Probiotics and Healthy Eating for Overweight Adolescents During COVID-19

Dietary Modulation of Gut Microbiota on Nutritional Status and COVID-19 Infection in Adolescents: Gut-Lung-Axis

NA · Indonesia University · NCT05623007

Quick facts

What this trial studies

This study investigates the effects of probiotic supplementation and counseling on healthy eating and physical activity in overweight and obese adolescents aged 12-17 years who have received at least two doses of the CoronaVac® COVID-19 vaccine. The aim is to assess whether these interventions can improve gut microbiota, enhance immune response to SARS-CoV-2, and promote better health outcomes. Participants will be randomly assigned to receive either probiotics or placebo, alongside lifestyle counseling.
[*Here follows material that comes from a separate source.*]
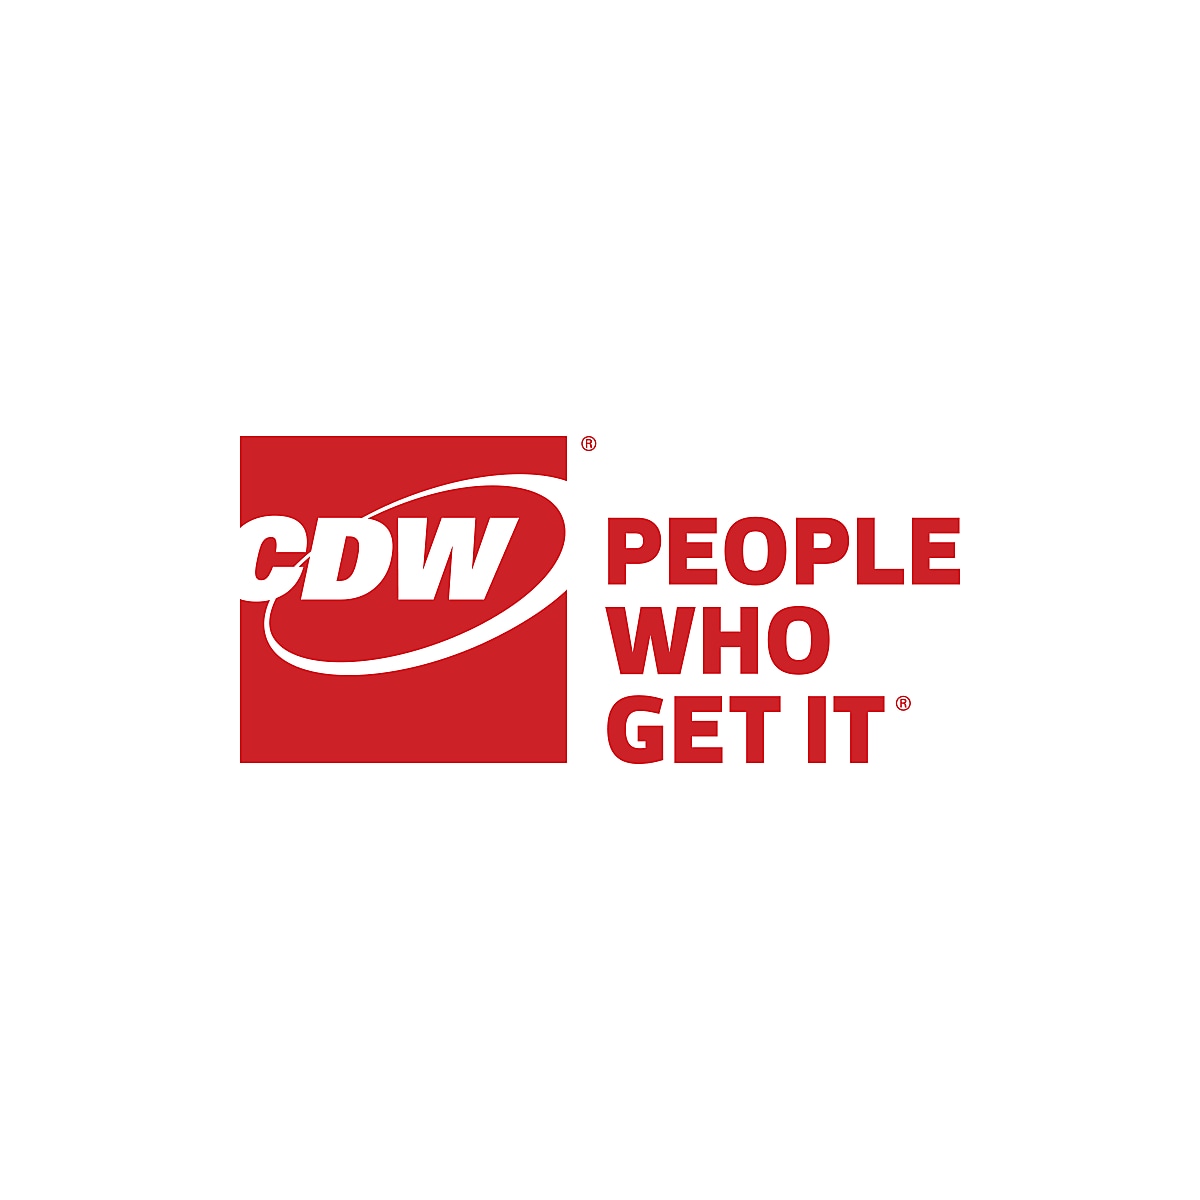 www.cdw.com

The study is conducted in urban areas of Indonesia, focusing on the relationship between nutrition, infection, and immune health during adolescence.

Who should consider this trial

Why it matters

Potential benefit: If successful, this study could provide a novel approach to improving health and immune response in overweight adolescents, potentially reducing their risk of severe COVID-19 outcomes.
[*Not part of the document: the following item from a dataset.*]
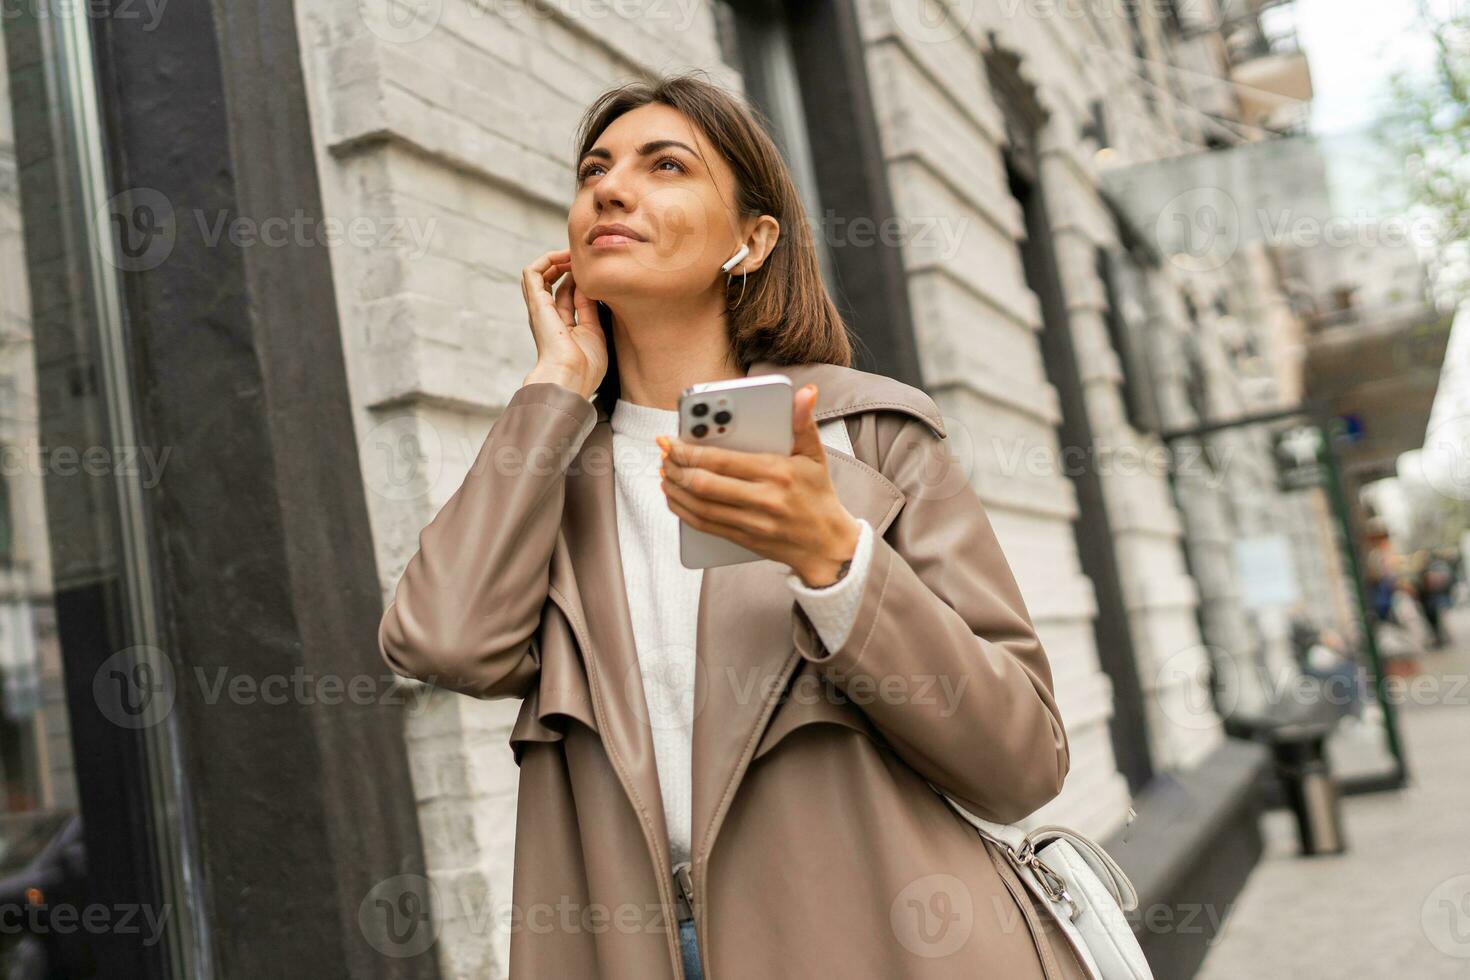 Straße Lebensstil Foto von stilvoll europäisch Geschäft Brünette Frau im Leder Mantel posieren draussen . modisch fallen Zubehör. mit Handy, Mobiltelefon Telefon.

How similar studies have performed: While there is limited evidence specifically addressing probiotics in this context, previous studies have shown potential benefits of probiotics in improving health outcomes in overweight adolescents.

Eligibility criteria

Inclusion Criteria:

1. living in Jakarta, Surabaya, and Yogyakarta City for at least 6 months permanently;
2. apparently healthy;
3. male and female, age 12-17 years old;
4. overweight or obese (BMI-for-age z-score \>+1SD);
5. have completed at least two dosages of COVID-19 vaccine, the vaccine must be CoronaVac® (Sinovac);
6. minimal 6 months post vaccinated prior to recruitments.
7. parents willing to sign the informed consent and adolescents give informed assent;
8. Must have an active health insurance, for instance BPJS or similar health insurance.

Exclusion Criteria:

1. having a history of COVID-19 infection within the last month confirmed by PCR or antigen from health care facilities or independent laboratory;
2. having a history of chronic and non-communicable diseases, congenital diseases, and disabilities;
3. reported current diagnosed as suspected active Tuberculosis (primary lung TB, miliary TB, bleeding cough bone TB, meningitis TB);
4. having a history of gastrointestinal or malabsorption disorder (such as celiac disease and inflammatory bowel disease) within the last three months or during the study;
5. taking antibiotics during 2 weeks before the start of the study (adolescents will be included after 3 weeks of last antibiotic intake);
6. taking other medications or having diseases that may influence the immune response - i.e. immune deficiencies, immunosuppressants medications, blood transfusion or other blood products;
7. taking insulin and/or anti-dyslipidemia medication;
8. being pregnant and/or breastfeeding.

Where this trial is running

Jakarta Pusat, DKI Jakarta

• Department of Nutrition (FKUI-RSCM); and Human Nutrition Research Center, Indonesian Medical Education Research Institute (HNRC-IMERI) Faculty of Medicine, Universitas Indonesia — Jakarta Pusat, DKI Jakarta, Indonesia (RECRUITING)

Study contacts

• Principal investigator: Rina Agustina, PhD — Dep of Nutrition and Human Nutrition Research Center, IMERI, Fac of Medicine Universitas Indonesia
• Study coordinator: Rina Agustina, PhD
• Email: dr.rinaagustina@gmail.com
• Phone: +622129189160

How to participate

1. Review the eligibility criteria above with your treating physician.
2. Visit the official trial page on ClinicalTrials.gov for the most current contact information and recruitment status.
3. Contact the listed study coordinator or principal investigator to request pre-screening. Pre-screening is free and never obligates you to enroll.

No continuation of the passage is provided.